Alexandra Coghlan
Bach’s Cello Suites represent a spiritual meditation — from the Nativity to the Resurrection
It’s not a theory, the cellist Steven Isserlis insists, merely an ‘instinctive reaction’ — but it’s a striking argument
‘One player on four strings, with a bow.’ That’s what Bach’s six Cello Suites boil down to, says Steven Isserlis. It sounds simple enough, until you add more than 100 editions and 200 recordings into the equation, not to mention countless books, chapters and articles all wrestling with a work Isserlis calls ‘a Bible’ for cellists. And this tussle isn’t just a lofty question of meaning or interpretation either: we’re still arguing about the actual notes. Suddenly the numbers no longer add up.
The cellist Isserlis released his award-winning account of the Cello Suites in 2007. That Hyperion disc (still quietly revelatory, whatever his self-deprecating, occasionally rueful footnotes might suggest) is both the prelude and afterword to the book that now follows. But what seems at first like an elegant extended programme note — an essay that dutifully takes in biography, context, genesis and analysis — smuggles something far more unusual along with it. It’s not a theory, Isserlis stresses, but rather an ‘instinctive reaction’ that carries all the weight of one without its burden. More of that presently.
First Isserlis does his due diligence. We hurtle through the composer’s life and career with plenty of energy (and perhaps more exclamation marks than are strictly necessary), including some spicy anecdotes about brawls and women. But it’s far from facile; this is Isserlis’s way of reminding us of Bach the man — that the veneration we feel for his music is a comparatively recent phenomenon. Whether it’s the suspicion of Bach’s ‘mediocre’ skill by the Leipzig authorities, scholarly criticism of his ‘turgid, over-intellectual’ style or the countless scores carelessly lost, leaving the Cello Suites unpublished until 1824 and unrecorded until 1936, the music is gently removed from its display case and reframed as part of the everyday fabric of life and changing fashions.

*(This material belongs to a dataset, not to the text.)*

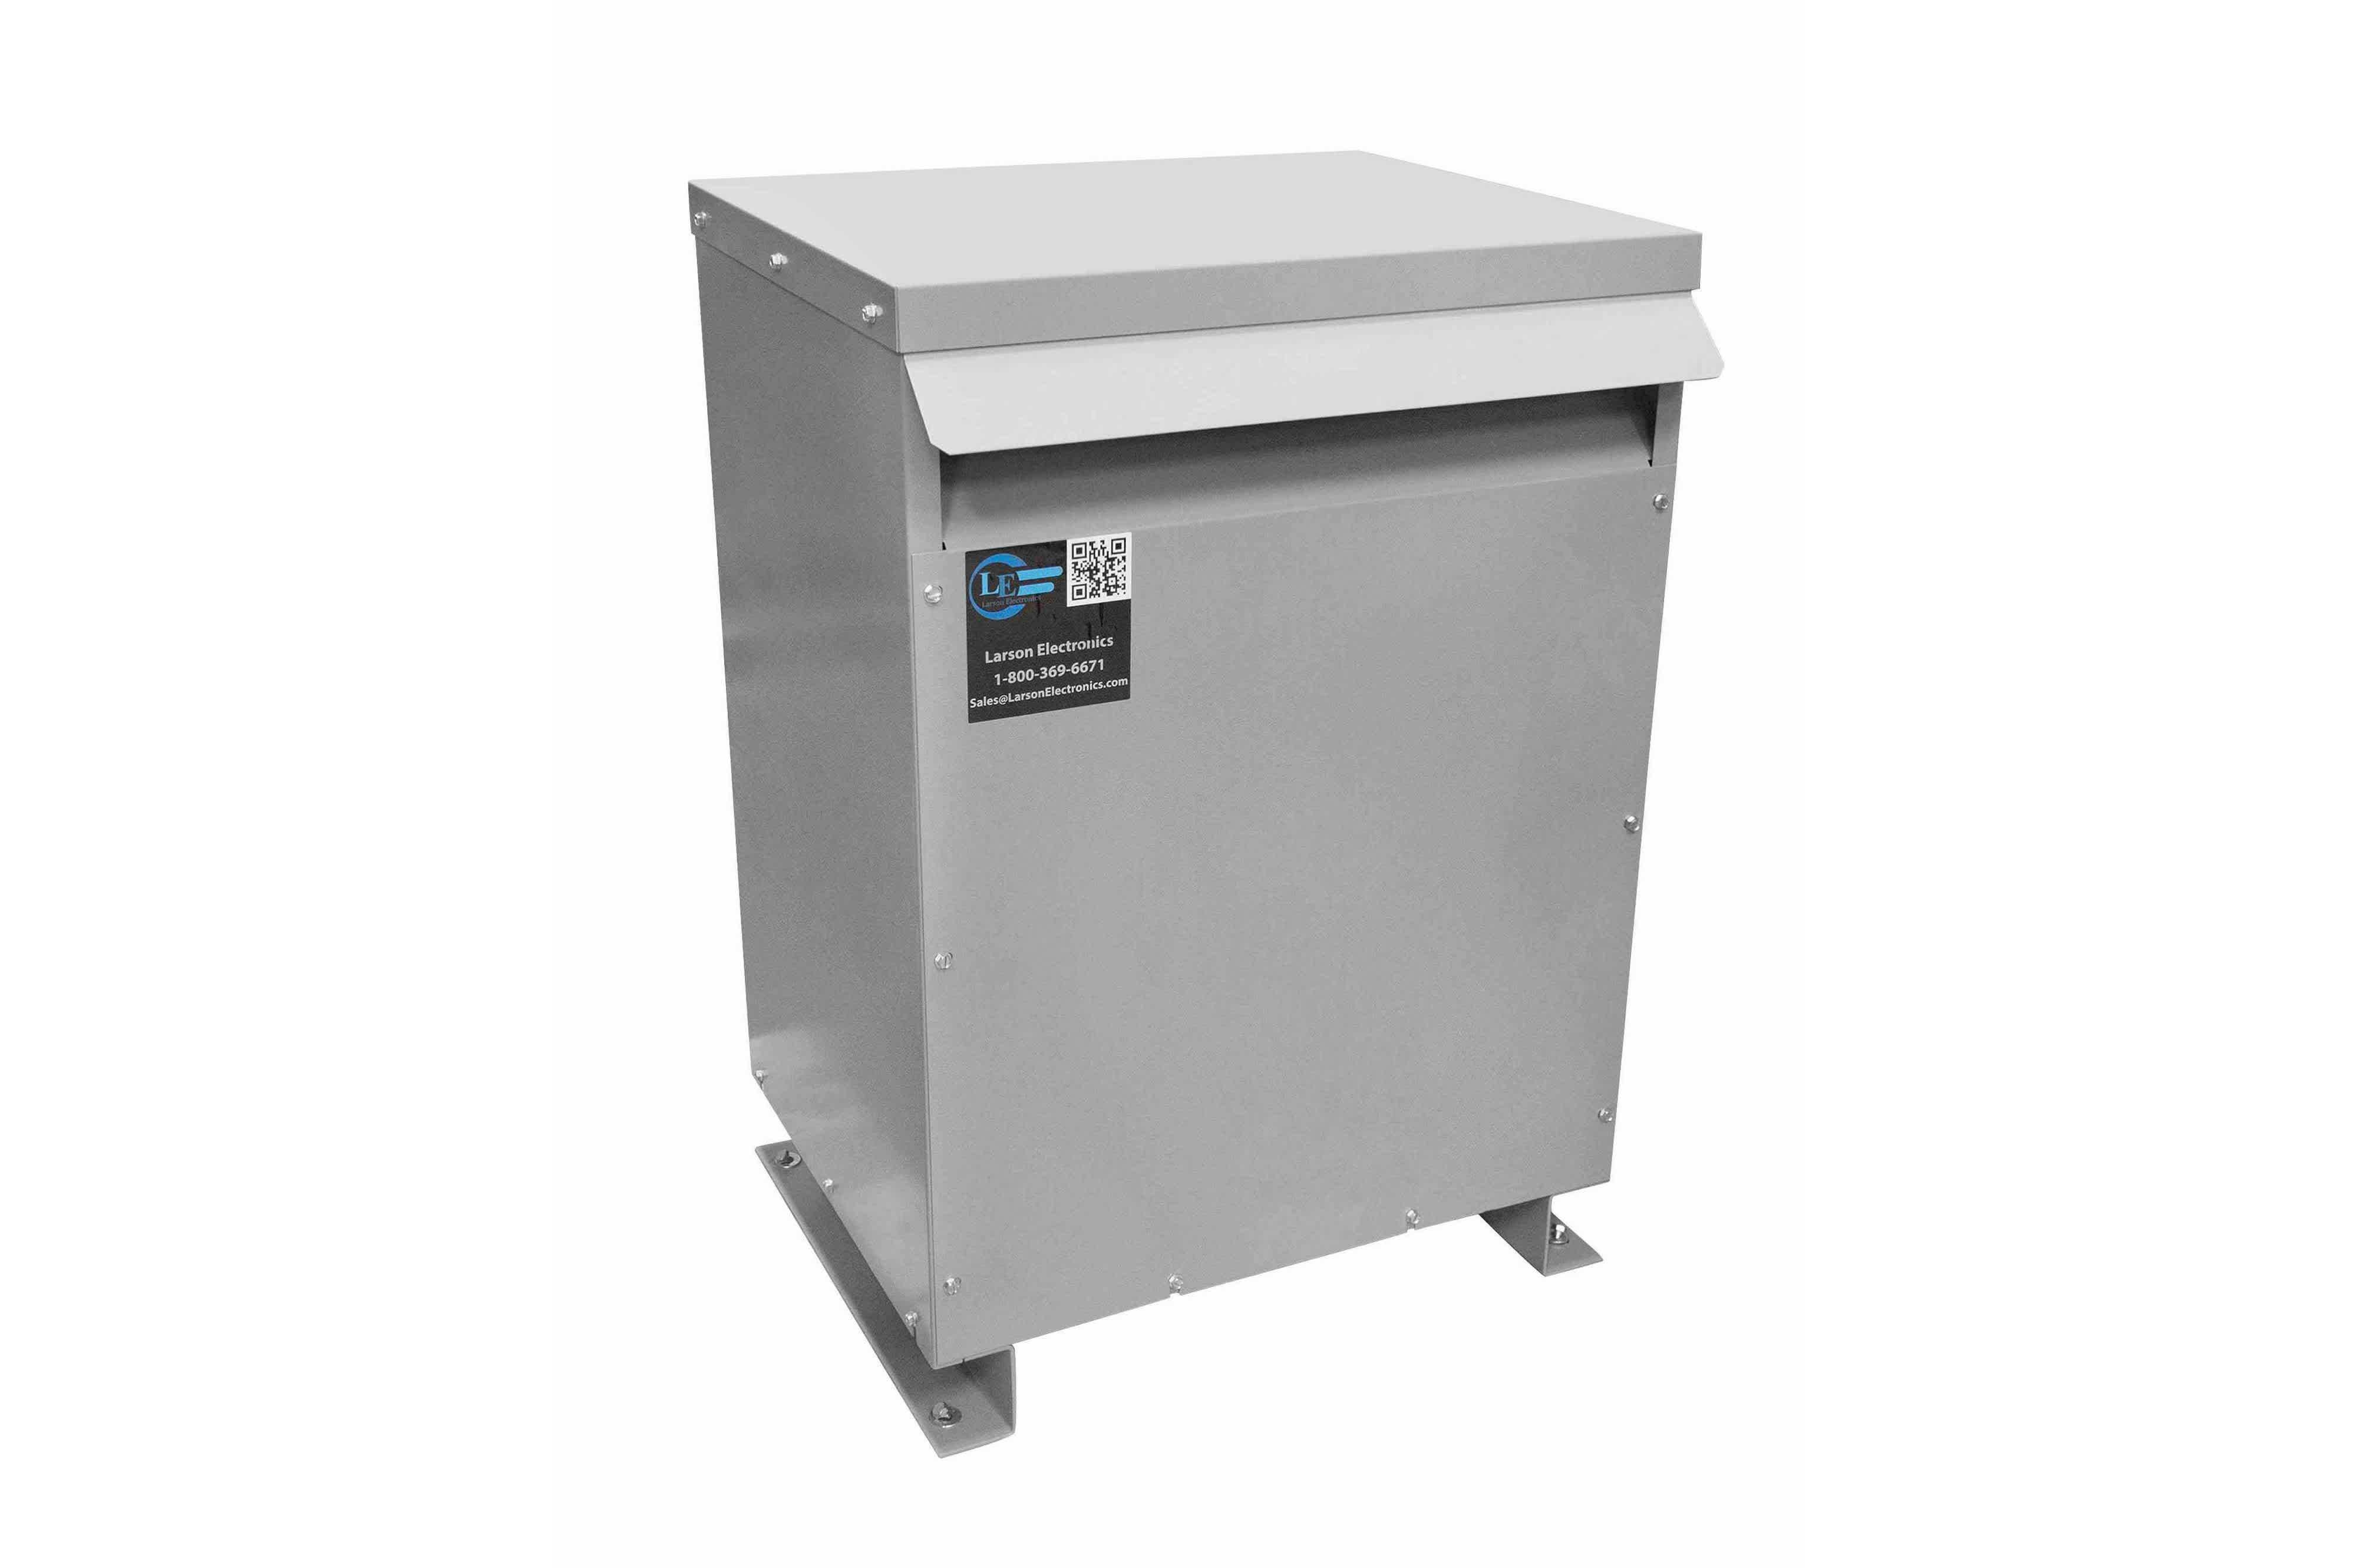 15 kVA 3PH Isolation Transformer, 208V Wye Primary, 380V Delta Secondary, N3R, Ventilated, 60 Hz

Such was the work’s casual status for so long that no autograph score survives. Instead, modern editions rely on four manuscripts — each with differences of context, priority, articulation and notes. What does the tiny difference in a slur or a fermata matter to the casual listener? Like William Carlos Williams’s red wheelbarrow, so much depends on them, as Isserlis doesn’t so much argue as demonstrate — with photographs of manuscript details giving us the clues, inviting us to turn musical detective and put them together as we choose.
Isserlis himself, however, has a broader case to make. His ‘theory-that-is-not-a-theory’ explores the meaning of pieces whose original function and application are still unclear. He proposes a narrative context for this unprecedented sequence of six Suites: together they represent a spiritual meditation, taking us from the gentle, cradle-rocking Nativity (Suite No.1), through the D minor anguish of Gethsemane (No. 2) and the musical ‘heart of darkness’ of the Crucifixion (No. 5), to the joy of the Resurrection, celebrated in the pealing bells that open No. 6.
When considered in the context of Heinrich Biber’s earlier Rosary Sonatas, the number symbolism we can trace through the works and the faith that saw Bach head each score with the words Soli Deo Gloria (Glory to God Alone), it’s an appealing case — one only intensified by the blow-by-blow analysis of each Suite that follows. The humour and humanity that Isserlis reveals in the detail of a dotted rhythm or a cadence, the architectural breadth of music whose ‘invisible bassline’ amplifies a single voice into a multitude, the emotional journey ‘through every possible region of the human heart’ that a performance of the Suites represents, all add up to a striking argument.
The Biblical comparison — both in the status of the Suites and their content — is an interesting one. Reverence creates respectful distance, prevents you getting too near. What’s so beguiling about Isserlis’s approach is that he feels the awe and does it anyway. This is a book only a performer could have written; only a cellist who has had his hands in the guts of the thing, weighing every semiquaver and stretching out the sinews of each chord and feeling their tension, could take us this close.
There’s a liberating misdirection to musician-authors. The best of them — the pianist Stephen Hough, the tenor Ian Bostridge, Isserlis himself — write as well as they perform. But because the recording or the concert will always remain the thing itself, the book the supplement, there’s a freedom to both thinking and writing. No scholar could — or would — throw out a theory taking in God, Bach, the universe and everything with such exploratory ease and concision.
And that’s the final joy: this is a short book — a pocket paperback desperate to slip its stiff boards and dustjacket. It’s not intended to be the final word, the oracle-tome on the shelf, taken down occasionally for consultation. It’s a companion book to keep close, to dog-ear and take on the train, the start of a conversation not the end of the argument. After all, as Isserlis acknowledges: ‘The truth lies within the music, not in anything outside it.’